We’ll re-plot these data.

seaborn
plotnine

bmi_pt1 = sns.stripplot(x = "sex", y = "value", data = bmi_data, jitter = 0.05, palette=["firebrick", "cornflowerblue"], alpha = 0.8, order = ["F", "M"]);
bmi_pt1

<Axes: xlabel='sex', ylabel='value'>

bmi_pt2 = pn.ggplot(bmi_data, pn.aes("sex", "value", colour = "sex")) + pn.geom_jitter(width = 0.1, alpha = 0.5) + pn.scale_colour_manual(values = ["firebrick", "cornflowerblue"])
bmi_pt2

We can clearly see the outlier in the male data. Removing outliers is a contentious subject but a BMI of 2 is unrealistic so we’ll remove this value.

# note very low bmi point in M; let's drop that
bmi_data = bmi_data[bmi_data.value > 15]
# summary
bmi_data.describe()

	value
count	200.000000
mean	23.324615
std	2.828887
min	18.080000
25%	21.177500
50%	23.000000
75%	24.802500
max	33.030000

seaborn
plotnine

# seaborn plot
bmi_pt3 = sns.stripplot(x = "sex", y = "value", data = bmi_data, jitter = 0.05, palette=["firebrick", "cornflowerblue"], alpha = 0.8, order = ["F", "M"]);
bmi_pt3

<Axes: xlabel='sex', ylabel='value'>

# plotnine plot
bmi_pt4 = pn.ggplot(bmi_data, pn.aes("sex", "value", colour = "sex")) + pn.geom_jitter(width = 0.1, alpha = 0.5) + pn.scale_colour_manual(values = ["firebrick", "cornflowerblue"])
bmi_pt4

Much better!

Frequentist testing

We’re now in a position to undertake some statistical analysis.
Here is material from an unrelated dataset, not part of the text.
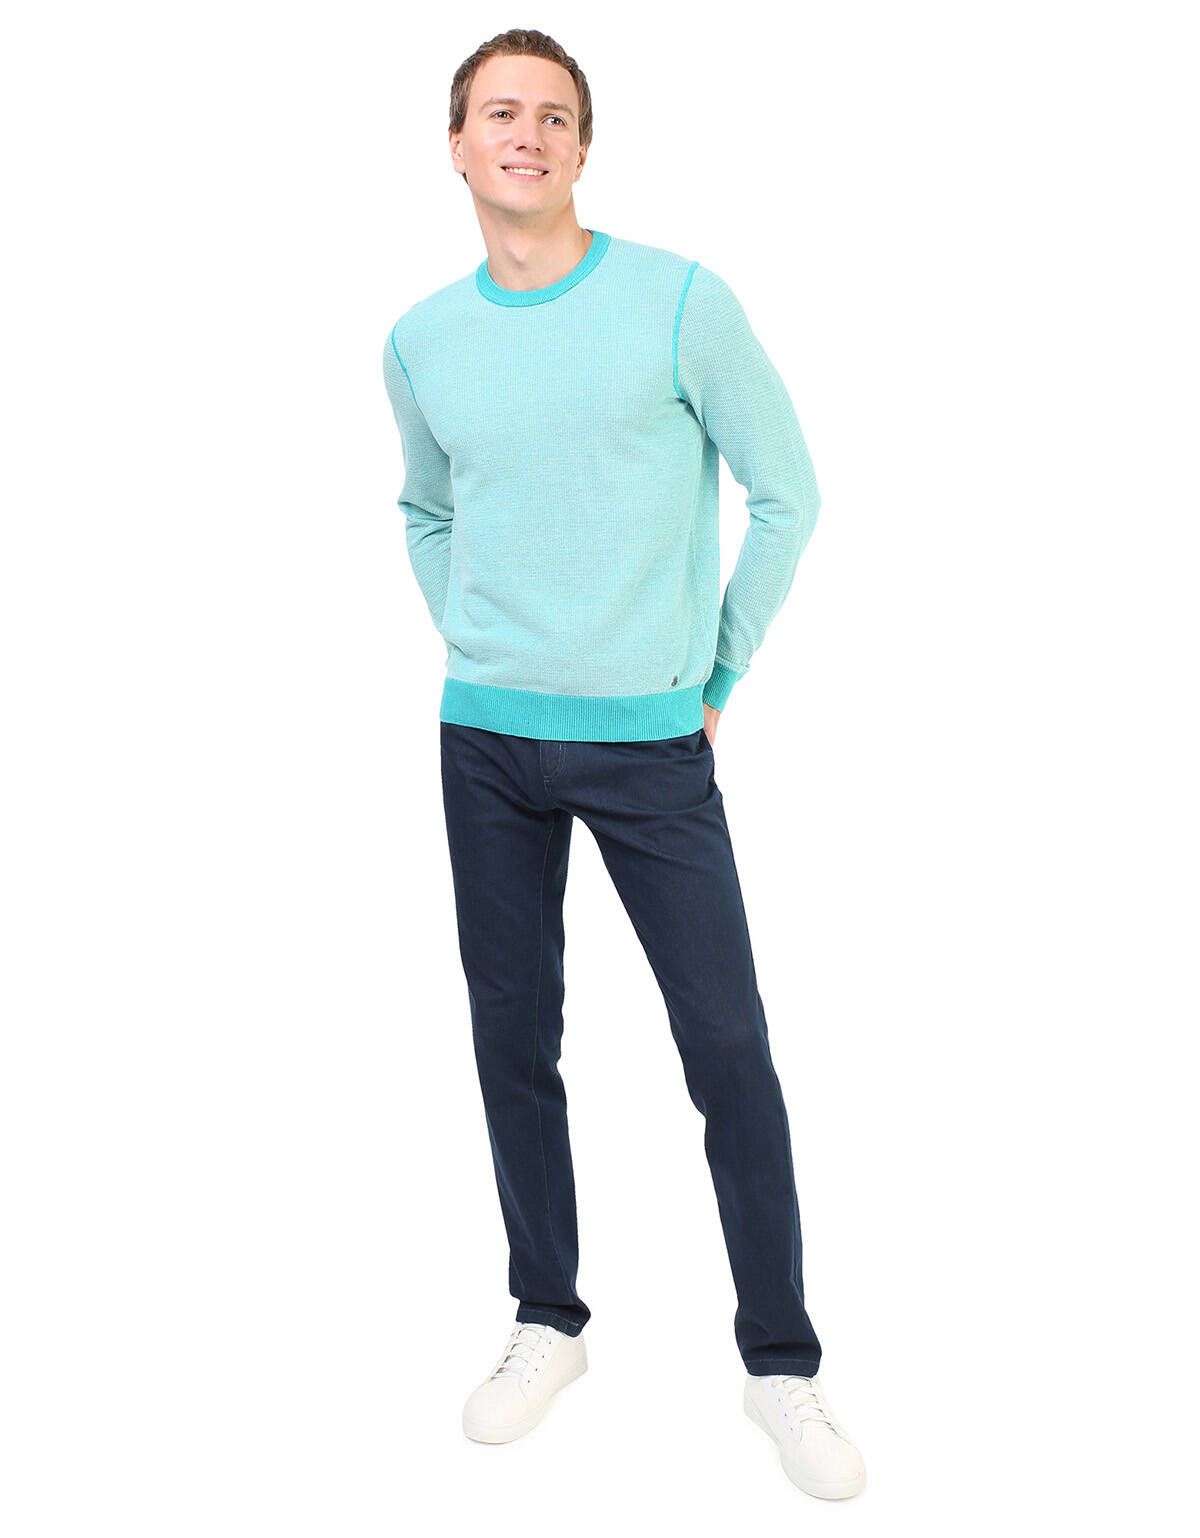 Пуловер с круглым вырезом Marvelis бирюзовый | купить в интернет-магазине Olymp-Men

We’ll start with a simple t-test to examine the mean difference in BMI between males and females. The scipy.stats (Virtanen et al. 2020) library provides functions for one sample, paired & independent t-tests (and other tests). We first extract the data we want to test into separate series and then pass these series to the appropriate function. The stats.ttest_ind() function returns a tuple containing the t-statistic and the p-value for the test and we can extract these and print those. The equal_var = False argument means we get Welch’s t-test which doesn’t assume equal variances in each group.

# test diff between men & women; get data
male_data = bmi_data[bmi_data.sex == "M"]
female_data = bmi_data[bmi_data.sex == "F"]

# do the test
t_res = stats.ttest_ind(male_data.value, female_data.value, equal_var = False) # tuple out, t-stat and p-value
t_res
# print informative result
print("The t-statistic is %.2f with a p-value of %.3f." % (t_res[0], t_res[1]))

The t-statistic is 2.11 with a p-value of 0.036.

The pingouin (Vallat 2018) package also provides functions for statistical testing.

Using the ttest() function with correction = 'auto' means pingouin automatically uses Welch’s T-test when the sample sizes are unequal as they are here.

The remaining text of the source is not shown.